Update Dataset Versions

Create new dataset versions by building on existing ones—add new files, exclude specific files, or start fresh while maintaining version lineage.


When to Update Dataset Versions

Use incremental versioning when you need to:

  • Add new data — Append newly processed files to existing dataset

  • Remove bad data — Exclude specific files while keeping the rest

  • Swap files — Replace specific files without recreating entire dataset

  • A/B test data — Create variant datasets by excluding different subsets


Basic Update Pattern

The standard approach creates a new version based on an existing one:

import json

metadata = {
    "new_file.csv": {
        "valohai.dataset-versions": [{
            'uri': "dataset://my-dataset/v3",           # New version to create
            'from': "dataset://my-dataset/v2",          # Base version
            'start_fresh': False,                       # Include files from v2
            'exclude': ['bad_file.csv', 'old_file.csv'] # Remove these specific files
        }]
    }
}

# Save your new output file
new_data.to_csv('/valohai/outputs/new_file.csv')

# Save metadata
metadata_path = "/valohai/outputs/valohai.metadata.jsonl"
with open(metadata_path, "w") as outfile:
    for file_name, file_metadata in metadata.items():
        json.dump({"file": file_name, "metadata": file_metadata}, outfile)
        outfile.write("\n")

What happens:

  • Creates v3 based on v2

  • Includes all files from v2 except bad_file.csv and old_file.csv

  • Adds new_file.csv to the new version


Update Parameters

uri (required)

The new dataset version to create.

'uri': "dataset://my-dataset/v3"

from (optional)

Base the new version on an existing version.

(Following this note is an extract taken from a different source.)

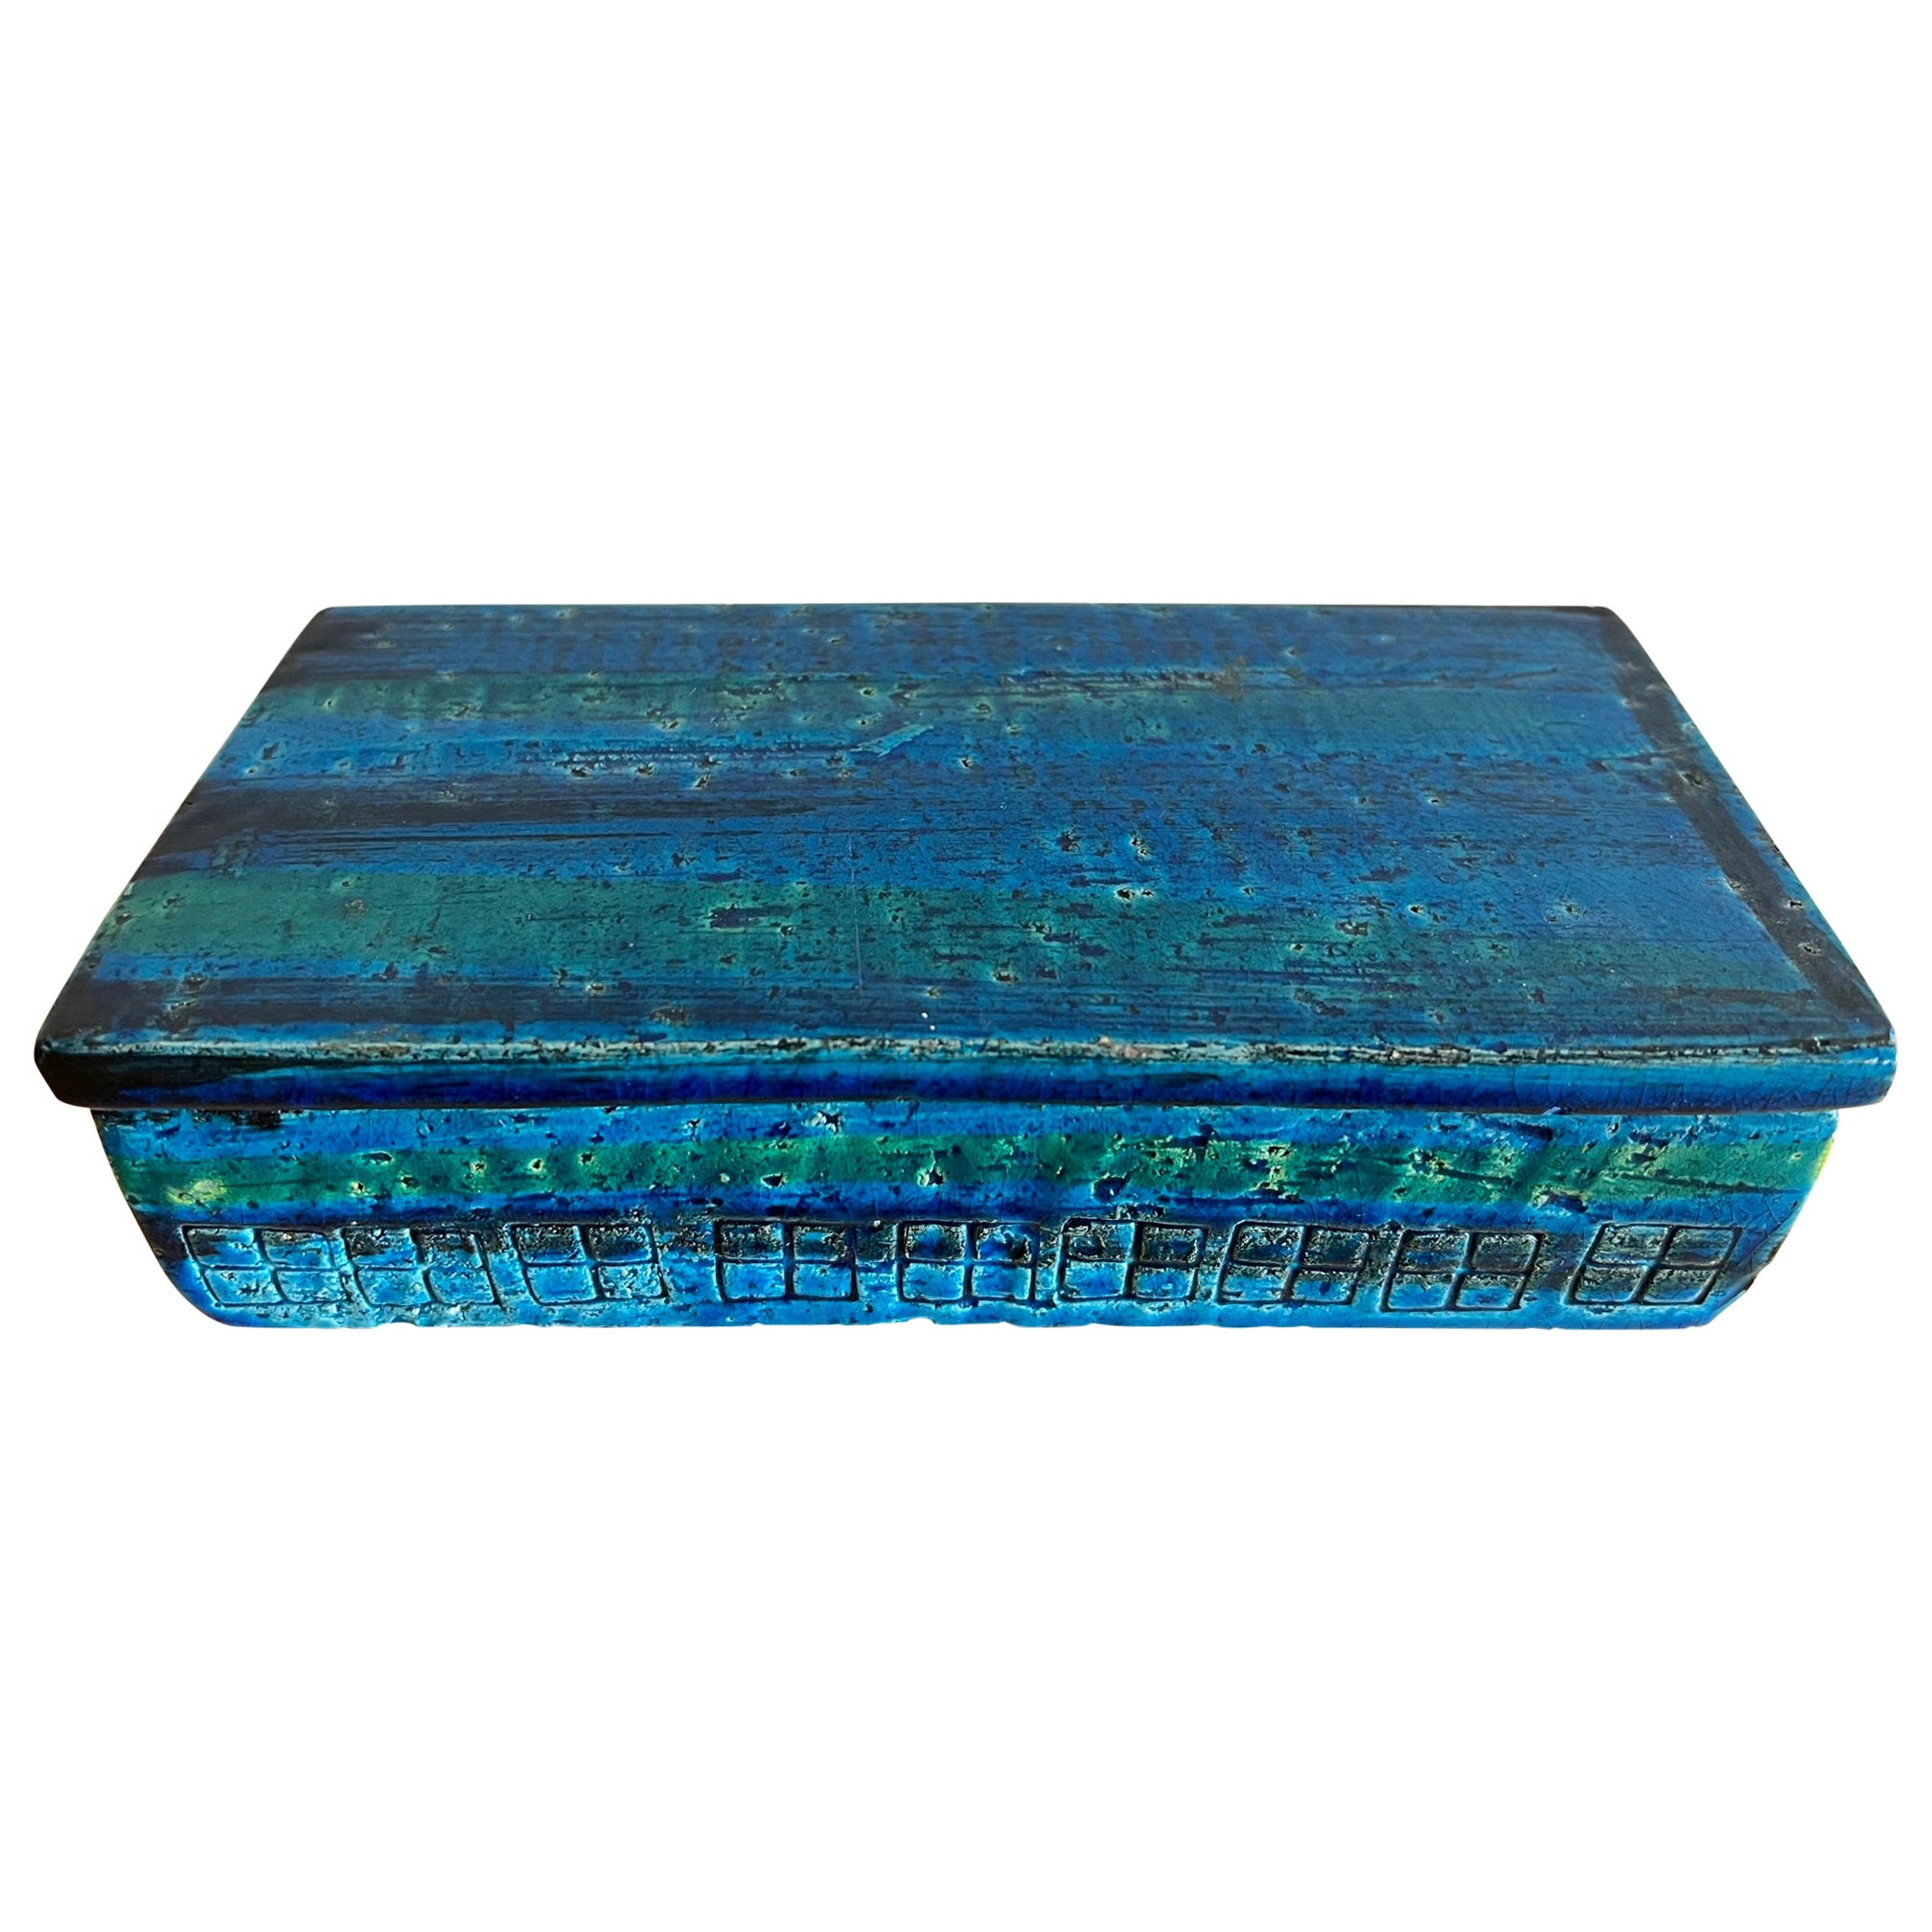 lidded box with vintage lace initial Blue ceramic bonbonni\u00e8re or jewellery box A

'from': "dataset://my-dataset/v2"

If omitted: New version starts empty (only includes files in current metadata).


start_fresh (optional, default: False)

Controls whether to include files from the base version.

# Include all files from base (default)
'start_fresh': False

# Exclude all files from base
'start_fresh': True

exclude (optional)

List of filenames to exclude from the base version.

'exclude': ['file1.csv', 'file2.csv', 'file3.csv']

Important: Filenames are exact matches (case-sensitive).


targeting_aliases (optional)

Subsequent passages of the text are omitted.